What you have to do >>
Everything from the first line of the data below through the line that contains "Little girl holds" should be written out exactly, please, and nothing more; the pictures stay out.

Stored data >>
=== Begin Enclosure ===

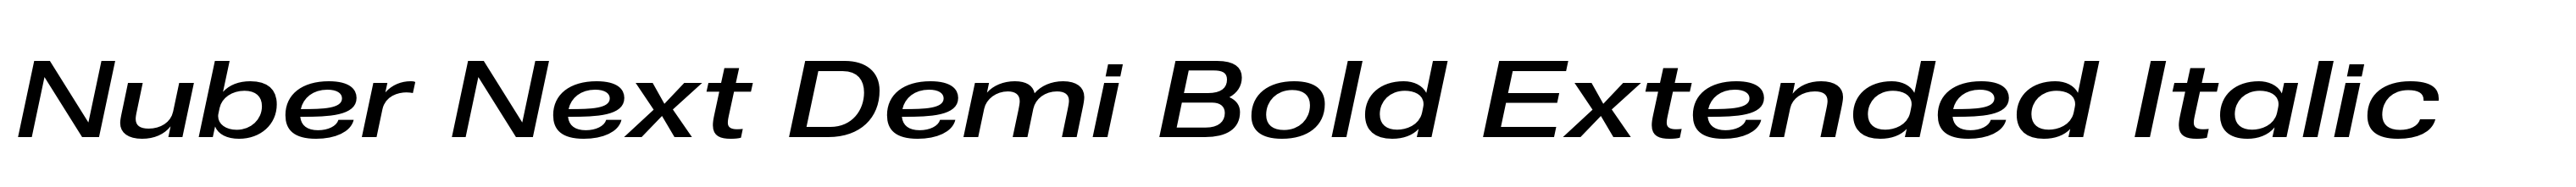 Nuber Next Demi Bold Extended Italic
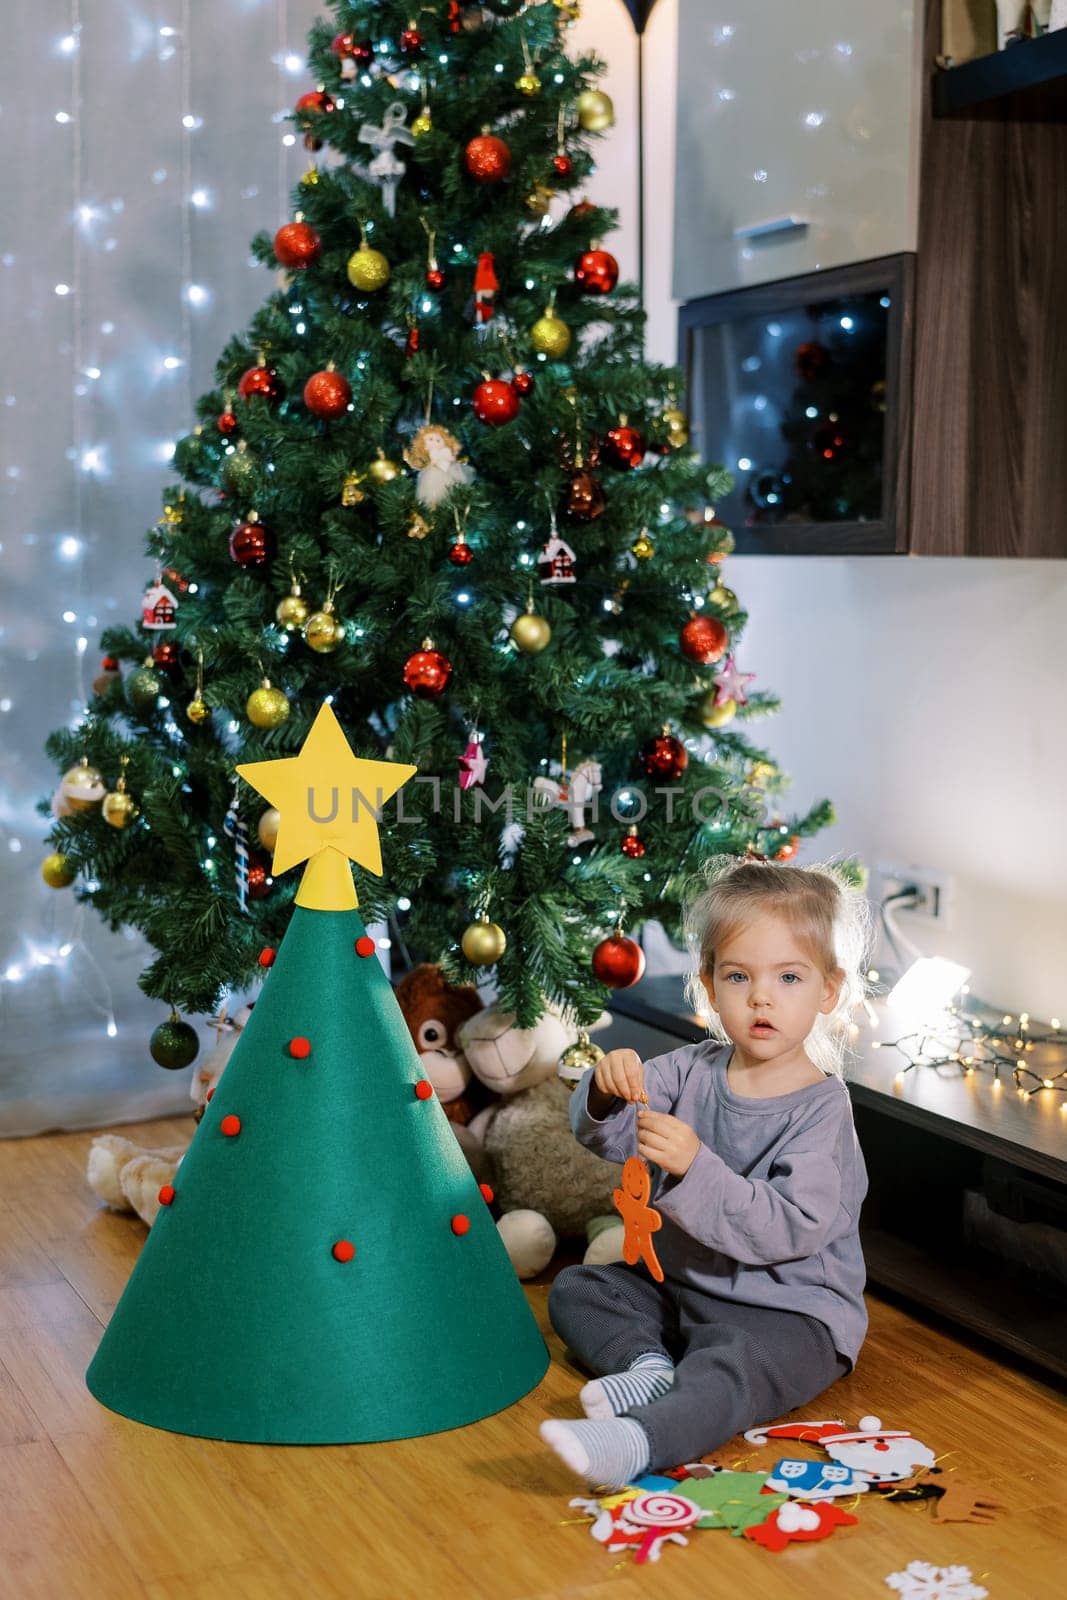 Little girl holds a felt toy in her hands while sitting on the floor near a toy Christmas tree. High quality photo
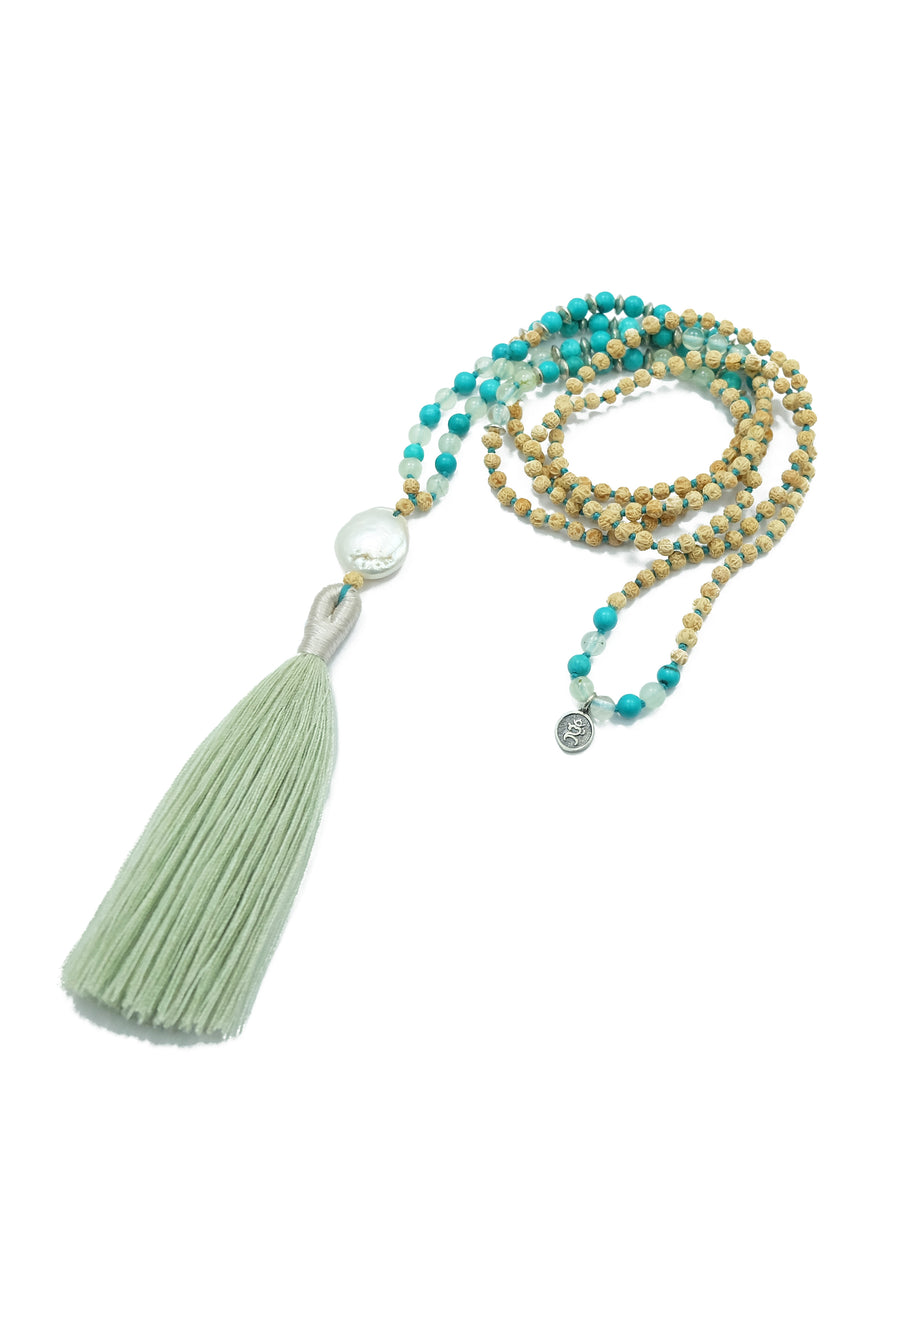 A captivating mala necklace named 'Lanikai Sunrise' with serene ocean-inspired colors. The mala features beautiful 4mm prehnite, turquoise gemstones, and rudrani seeds, complemented by elegant sterling silver accents. At its heart, a shimmering freshwater pearl pendant adds a touch of sophistication. Experience the bliss of floating weightless in heavenly waves under the tropical sun with this enchanting mala.

=== End Enclosure ===

Solution >>
 Nuber Next Demi Bold Extended Italic
 Little girl holds a felt toy in her hands while sitting on the floor near a toy Christmas tree. High quality photo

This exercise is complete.